By 2017, the opioid crisis had become a widespread concern for people throughout the United States. According to research, it is now more likely for an American to die from a drug-related opioid overdose than a car accident. To change these numbers, taking action is a must.

The Epidemic Impacts Everyone

Addiction to opioids knows no prejudices. People of all walks of life have been impacted by the horrors that this disease can bring. Years ago, it was of popular opinion that drug addiction only affected impoverished communities. In truth, anyone can fall under the power of opioids. This crisis goes beyond political affiliation, race, income, religious beliefs, sexual orientation, gender and every other trait that defines a person. If you haven’t been personally touched by this crisis, it is highly likely that you know someone who has.

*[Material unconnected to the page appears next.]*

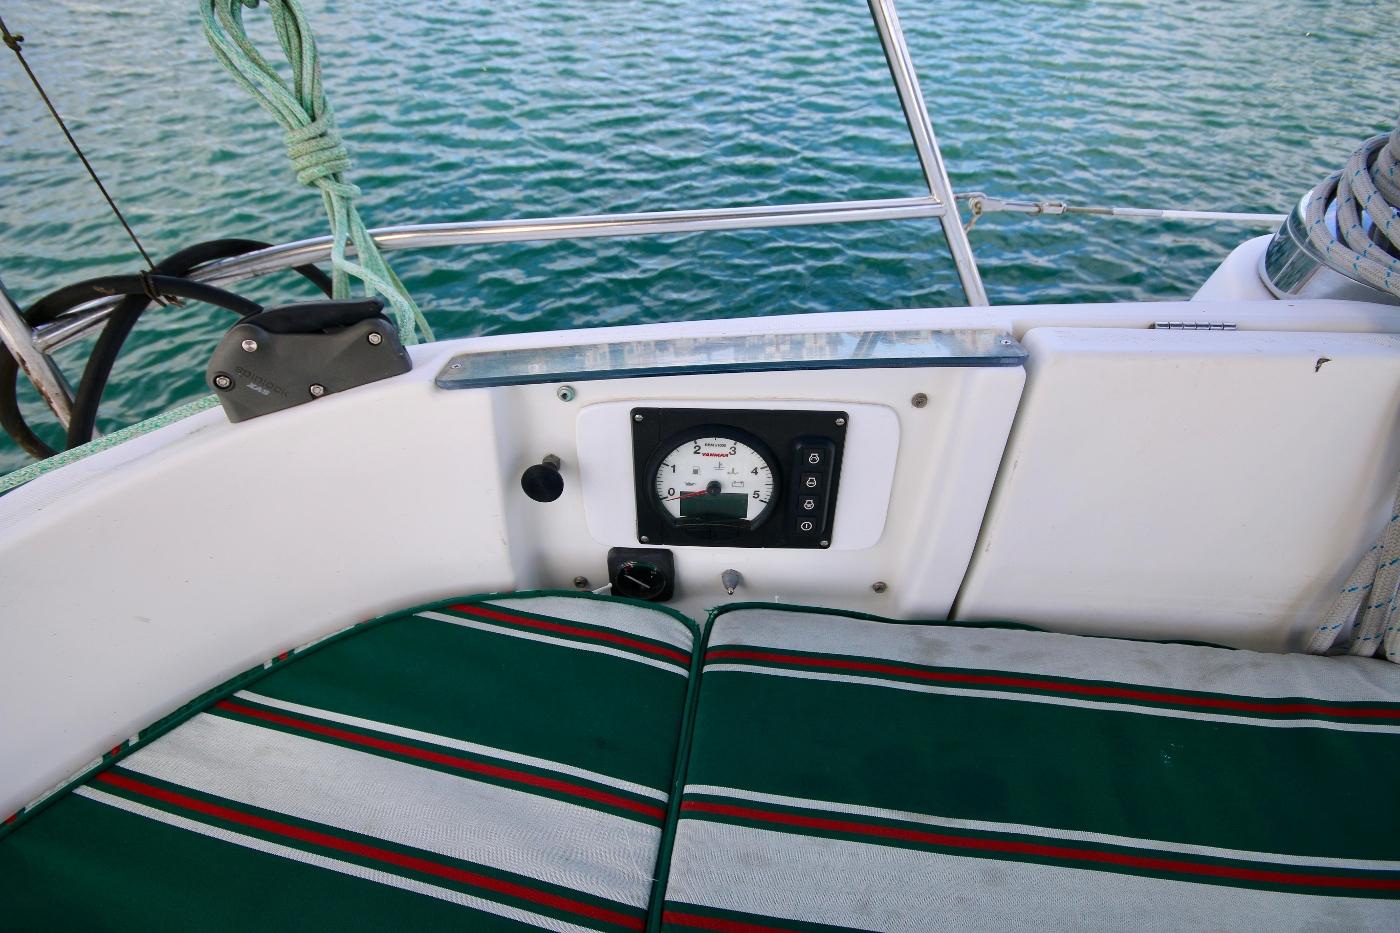 1997 Beneteau Oceanis 461, Engine control panel

When political commentator and television personality Eric Bolling lost his son to this epidemic in 2017, he wanted to do something to help others struggling with addiction. He founded JanOne as a way of taking an active part in finding a solution to a problem that is plaguing people from Maine to California.

Fighting Back

In order for opioid overdoses to become a tragedy of the past, people from all sectors need to take action and make serious changes. The health care industry has started to address these concerns in some ways, with a number of practitioners using extra scrutiny when writing prescriptions. Law enforcement has also attempted to crack down on drug rings and labs where synthetic drugs are manufactured. While these are excellent advancements, there is much more to the problem than controlling where the drugs come from.

People become vulnerable to addiction for various reasons. Many psychologists have stated that there may be a connection between addiction and psychological ailments such as depression. A focus on mental health may be key to help those at risk for becoming addicted to opioids. As doctors and scientists continue to study this epidemic, they uncover more information on where the problem originates within a person and how best to address it.

The opioid crisis has been growing steadily for many years. While it can seem like a frightening problem without a clear solution, there are positive changes being made. Stay educated and learn the best ways that you can take action to help those suffering from addiction.